Hayes advocated the establishment of a permanent cryptology cell within the armed forces. In 1946, Hayes wrote to the government, advising that "it is to be hoped that the Irish army will never again face an emergency so ill-provided in this essential security device".
When there was a danger that the Ormonde papers might be sold and leave the country, he prevailed on the government to introduce the Documents and Pictures(Regulation of Export)Act 1945. When he retired as director in 1967 he took over the helm at the Chester Beatty Library. RTÉ has archived a television interview with Hayes about the Chester Beatty collection, on the occasion of the reopening of the Chester Beatty Library in 1975 at its then location on Shrewsbury Road.

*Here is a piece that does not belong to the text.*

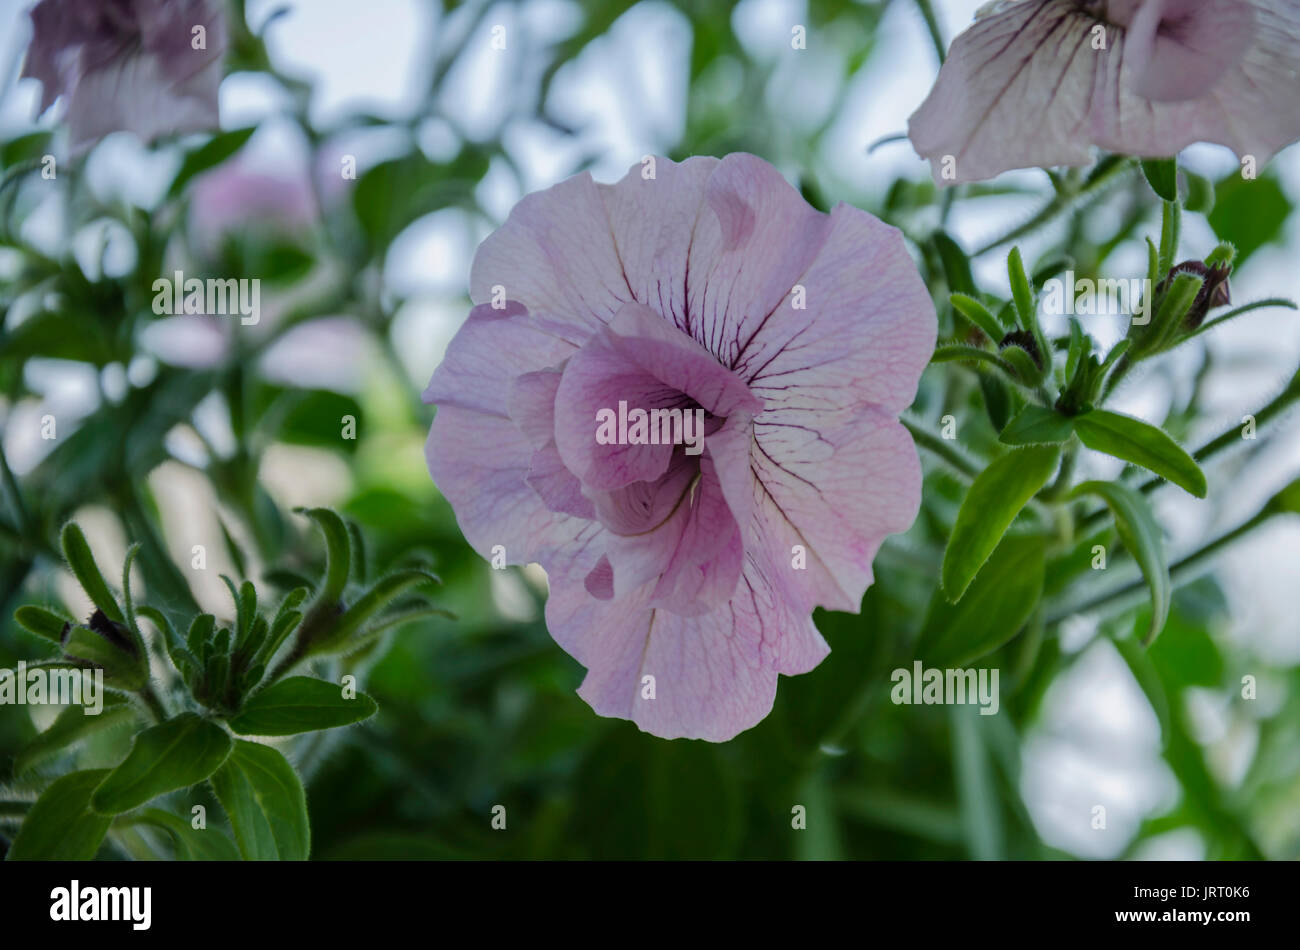 Ornamental garden beautiful bush of blooming pink petunias with green leaves on a background of green leaves Stock Photo

Hayes died in 1976, leaving behind a collection of papers and manuscripts that is now catalogued in the National Library.
Günther Schütz was dropped into Ireland on 12 March 1941 to make contact with IRA members sympathetic to the German cause and to transmit weather reports back to his handlers in Hamburg. Schütz readily gave up one of his codes to his Irish captors in the hope of diverting attention from his microdots, but a microscope in his luggage raised the suspicions of the authorities and his belongings were handed over to Hayes, who spotted Schütz's codes. In all, 30 pages of operating instructions as well as extensive lists of names and addresses of Nazi sympathisers in the Republic were secreted in random characters in newspaper cuttings that the German intelligence agent was carrying when he was picked up by gardaí in Wexford in 1941. Hayes studied two newspaper cuttings tucked into the spy's pocket book and in a testimonial letter affirming the curative qualities of Aspro, he identified messages, reduced in size 400 times, and secreted within three letter 'o's in the text. On an article about Oxford Pamphlets, he spotted a further four microdots, with three more in an ad for the Green Park Hotel. Within 10 days of Schütz's arrest, Hayes had found and translated the entire contents of his highly sensitive microdots. It would take the FBI a further four months to even identify that such a system of transmitting messages existed. "The Germans were so cocksure that the microdots couldn't be discovered that they didn't even encode them", Schütz said after the war. "They were to be a vital weapon in espionage. Finding them as the Irish intelligence officers did was an act of brilliance."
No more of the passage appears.